I’m a horrible liar, I know. I fidget in my seat and then dig into my food that she’s already plated due to my tardiness. It satisfies her and she begins her rounds of the table, everyone having their turn in the spotlight. “How was your day? What did you do? Did you learn anything?”
I take a deep breath around a bite of thick mashed potatoes and relax. ‘One day but not today,’ I think. I sit and listen as everyone tries to find something interesting to say and pretend they did. When it comes around to me I think of my wrists. I think of something I might say.

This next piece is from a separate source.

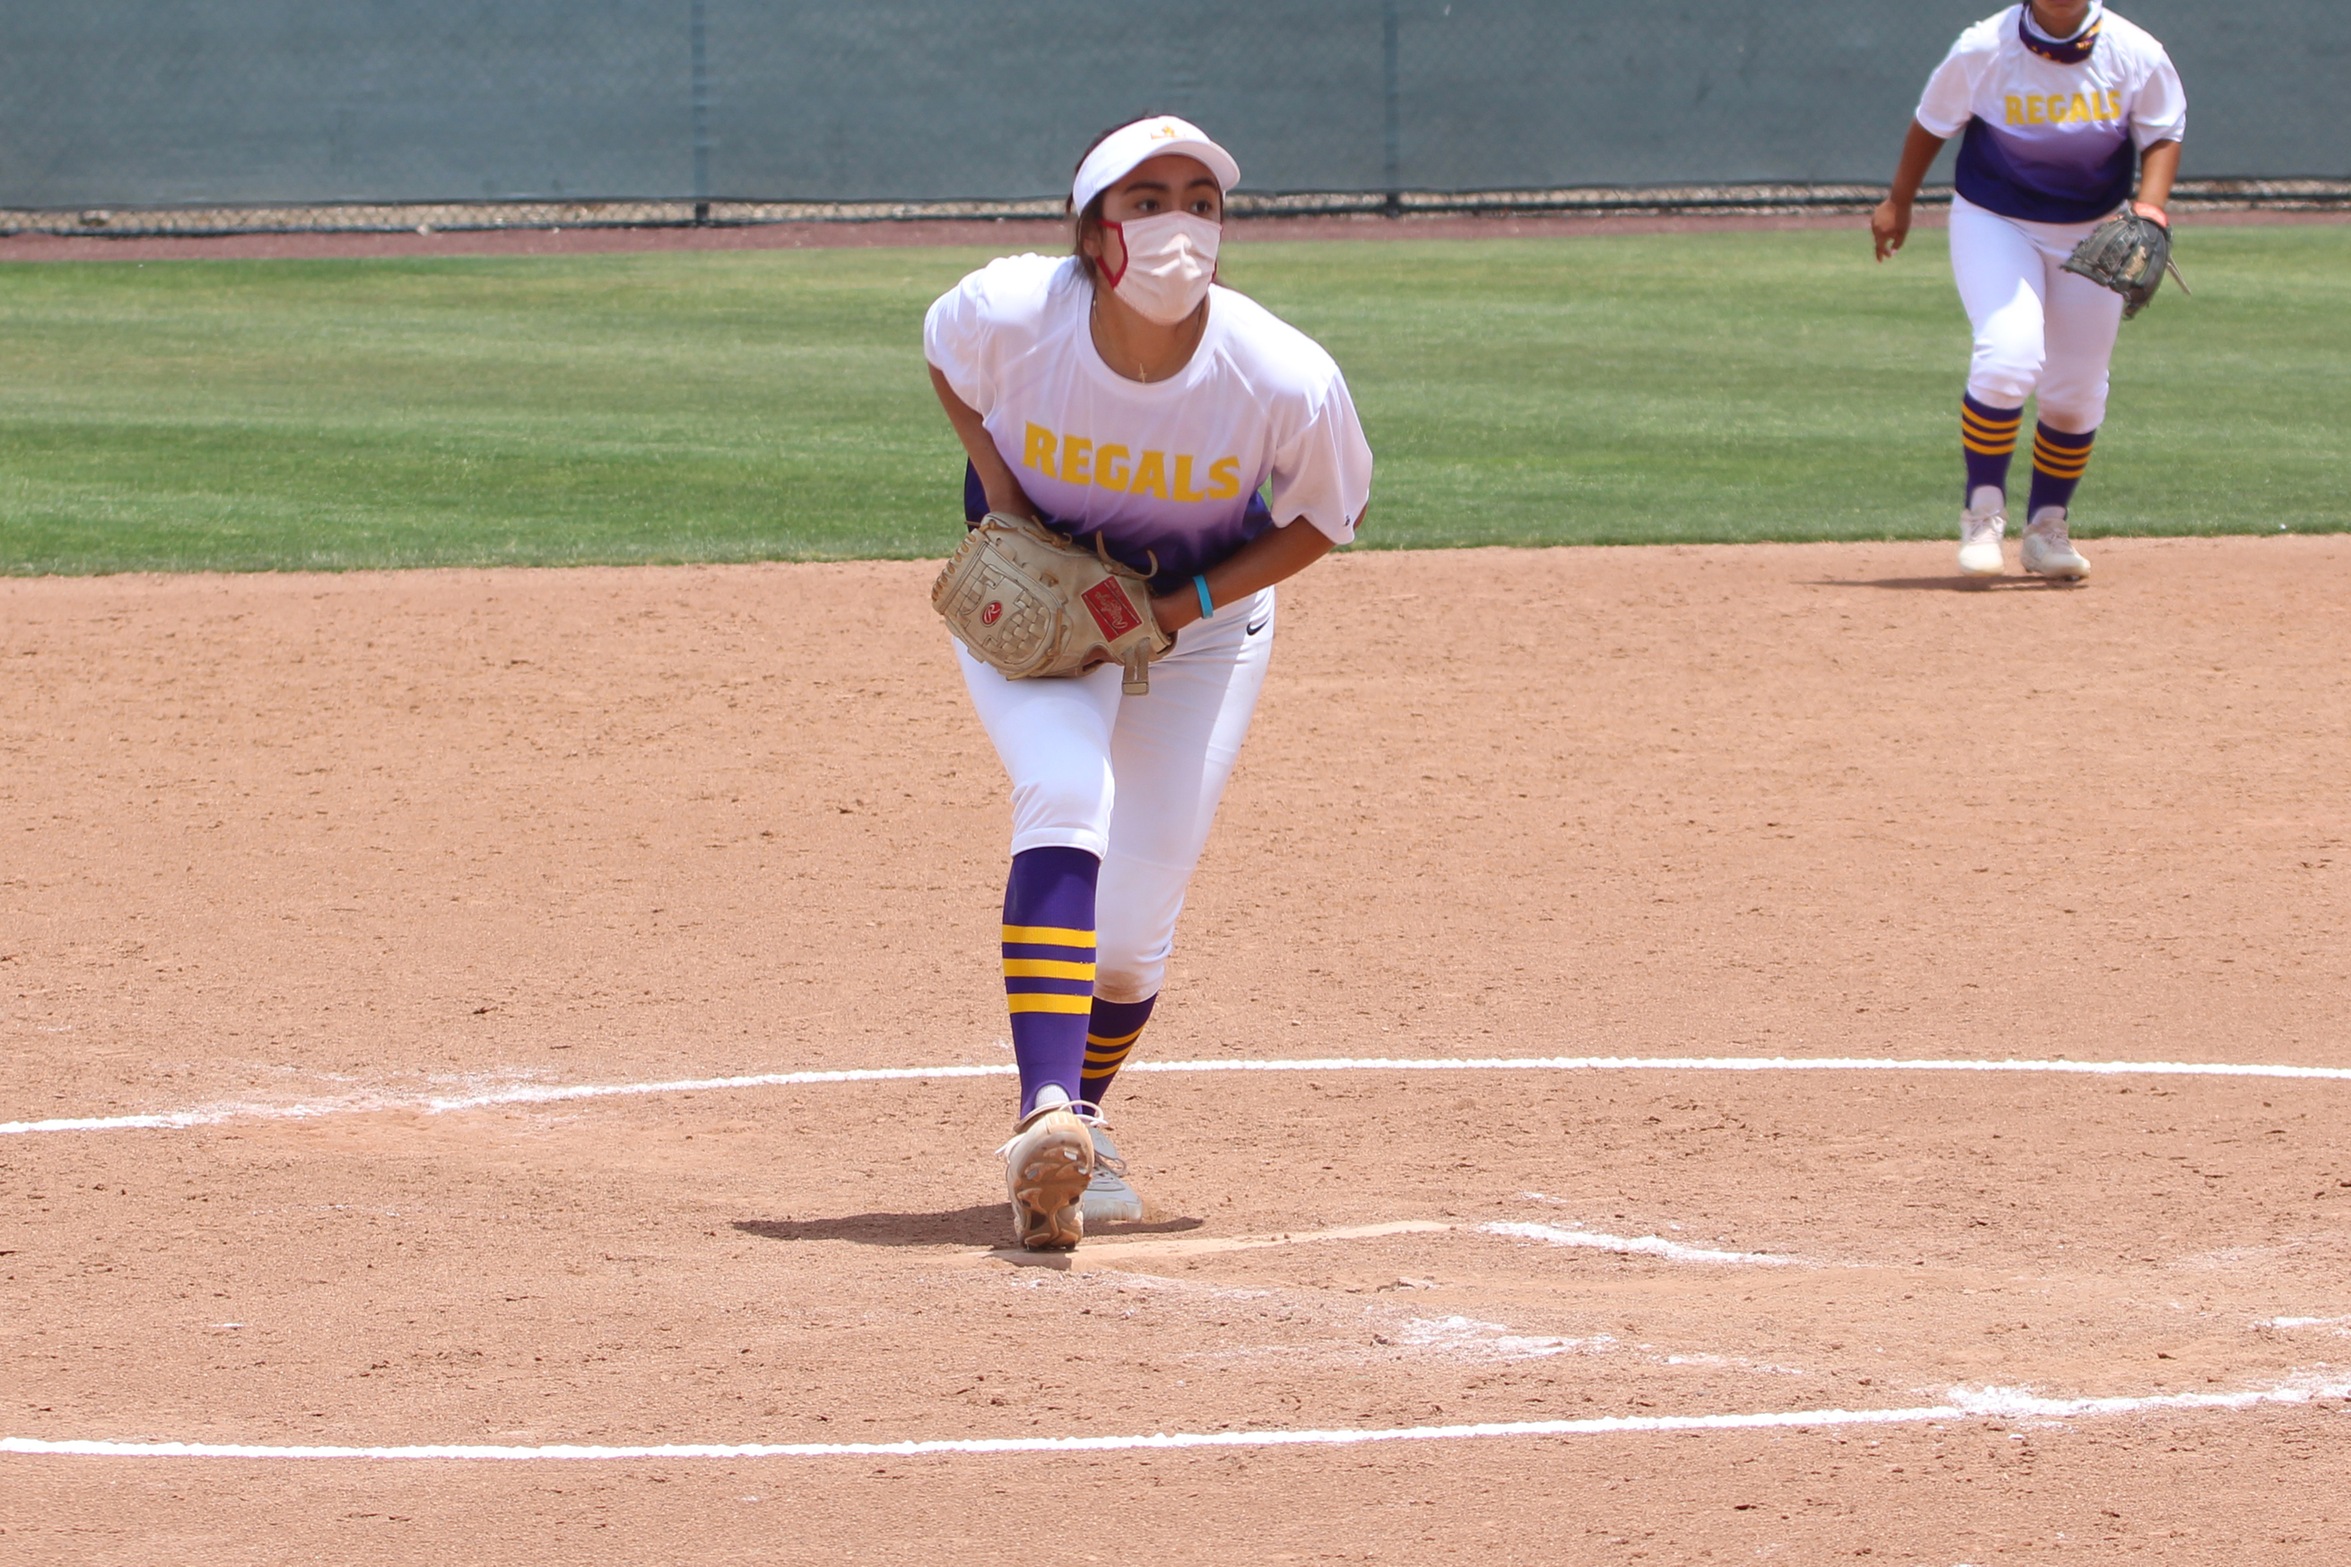 Regals Bested by Redlands in Doubleheader

“I slit my wrists today. I didn’t want to kill myself, only see if it would be easy – should I want to. It hurt. It hurt so bad that it felt good. I still want to kill myself, one day. But for now I just want to revel in the pain that sears through my body. It makes me think of everything that has ever been done to me, will ever be done to me, and how this is different. It’s me, saying what goes. Saying WHEN,” I pretend to say. Instead, I shrug.
“I finished reading my new book,” I say.
“I thought you just got that book yesterday,” she says between bites of fried chicken.

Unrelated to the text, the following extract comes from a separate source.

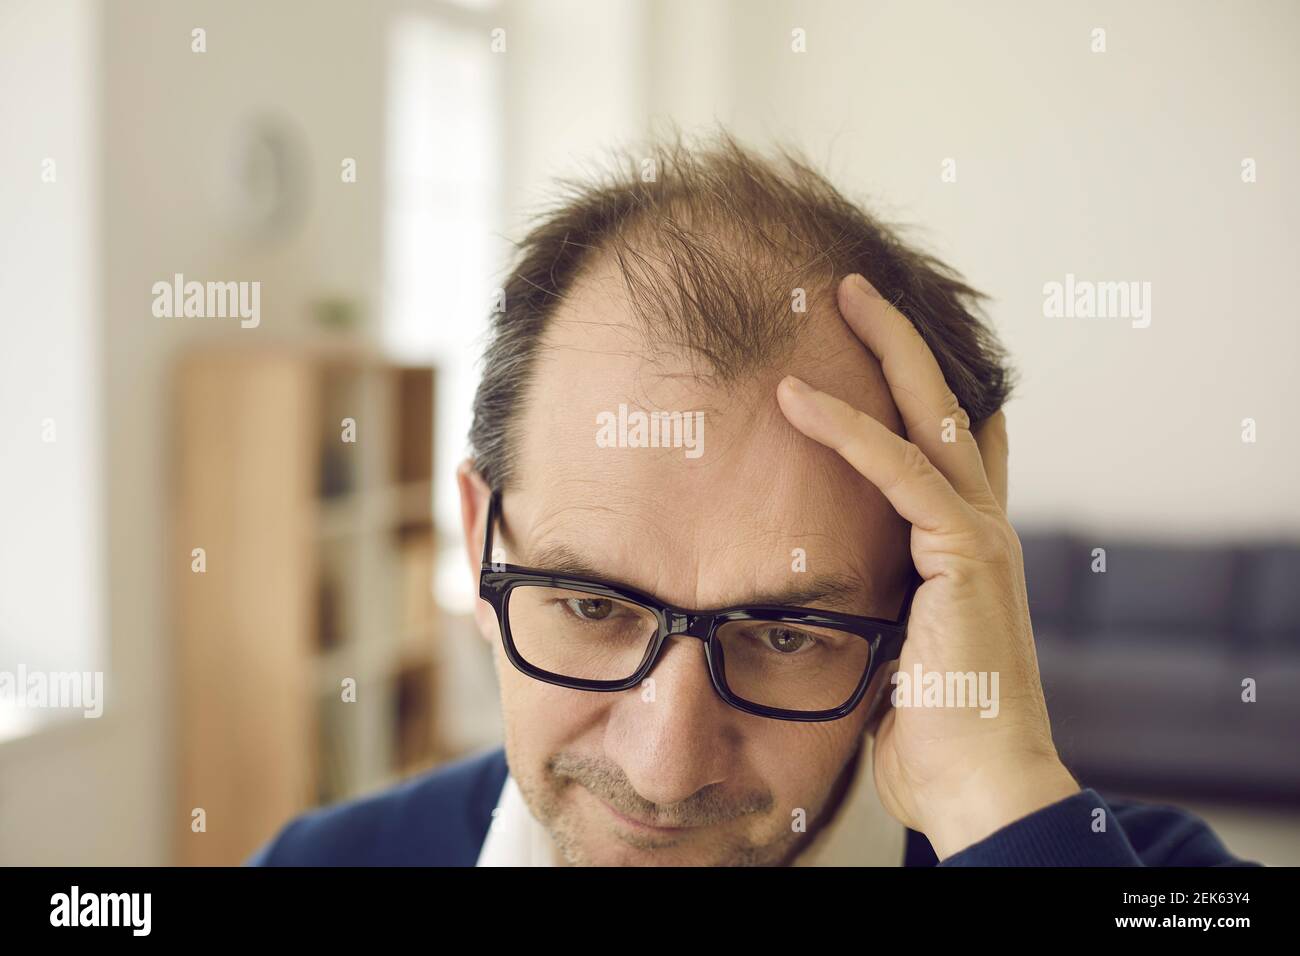 Balding middle aged man concerned about hair loss touches bald spots on his head Stock Photo

“I did. And I finished it. It was fantastic. It was about…”
“So that’s what you were doing in your room. Didn’t I tell you not to spend all day up there reading? Those people aren’t real. How will you ever learn anything about making a human connection, about god’s creatures, about the true meaning of life, if you just have your nose stuck in a book? All…” I stopped listening. This is what she did.

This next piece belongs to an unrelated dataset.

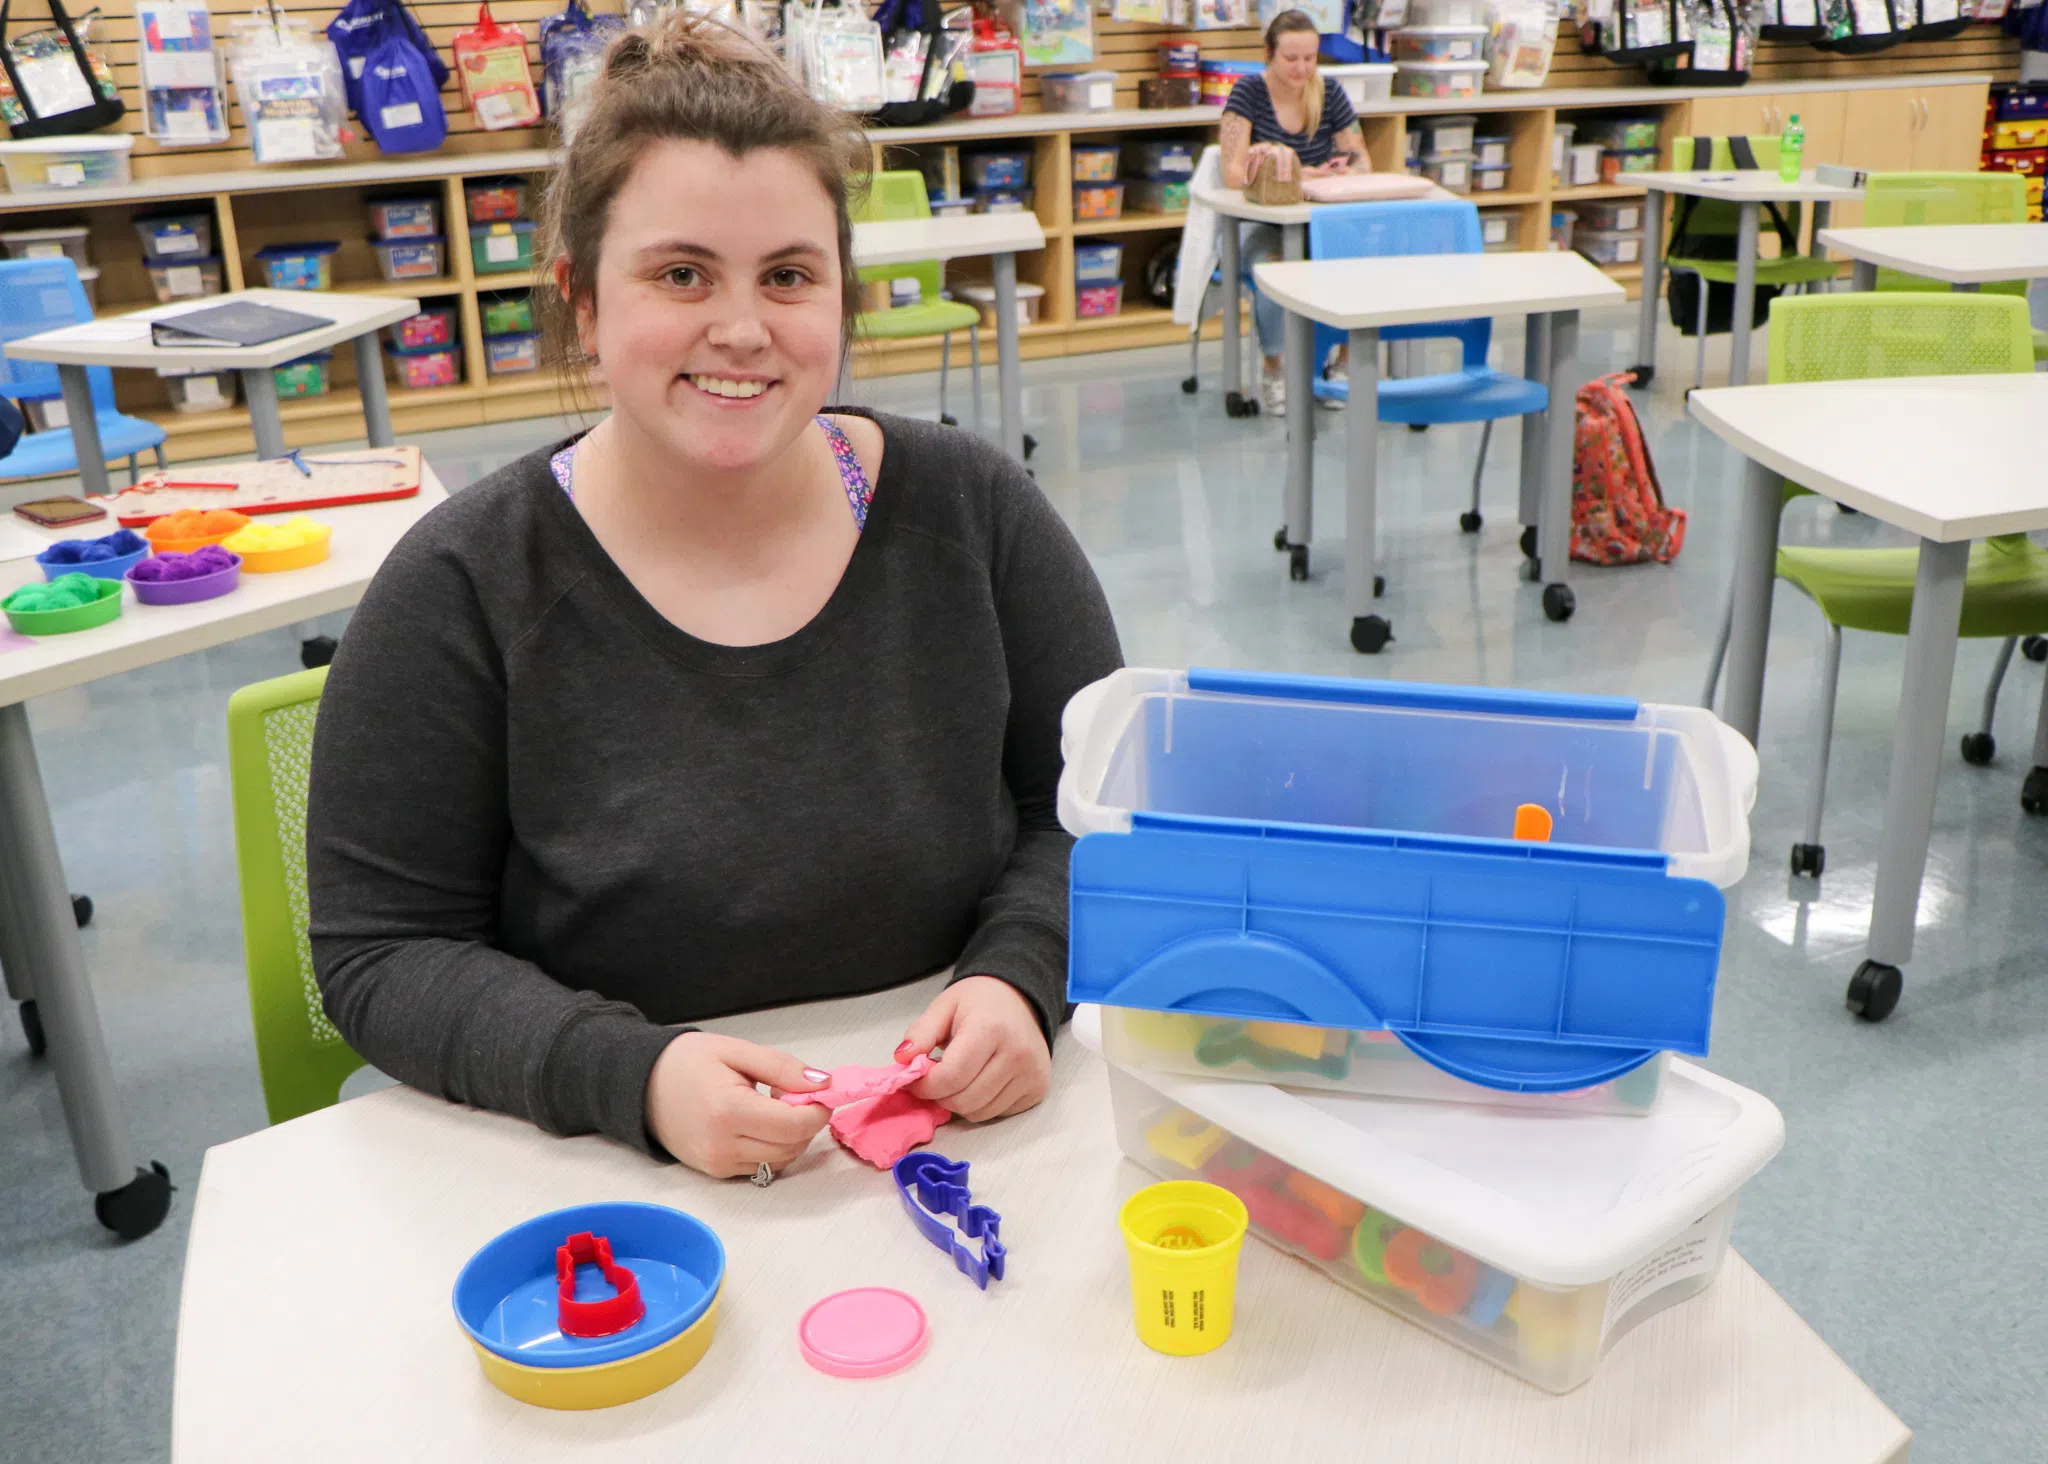 ECTC Interdisciplinary Early Childhood Education student engages with hands-on play activities.

I feel that I know what she is trying to do. I know she is trying to make me ‘likeable’. One day she will say I’m too blunt, straight forward. Others say I’m tactful but I’m not a liar (usually) and so people can depend on me to give unbiased opinions on whatever their problems are. And, after taking my advice, they thank me. One day they’ll say I have a light that radiates from me. People feel happier around me because I am luminous. At eight, this wasn’t me. I was selfish, embarrassed, angry, reserved, I liked books over people. Hell, I liked bacon over people. But it wasn’t until that day, sitting there listening to her explain how books will never make me happy, that I realize books can make me happy.
Books can make me positive, optimistic, and light. They can teach me about the human connection, about god’s creatures, about the true meaning of life. They can show me a full way to live. And I don’t want to kill myself anymore. Don’t get me wrong, I’ve tasted the touch of the blades and – while feeling the rush of power when hiding them at the dining table – I want to keep that power. But I also want to keep my life. I want to try. So I vow, as she drones on about the downfall of antisocial behaviors, I won’t try to kill myself until I’m at least 18 and if life hasn’t gotten better by them – I’m gone.
So, I have to do anything and everything I can to live a better life. No more tantrums, no more fights, no more angry words flowing through my brain. And hopefully, instead of dead I’ll one day be luminous.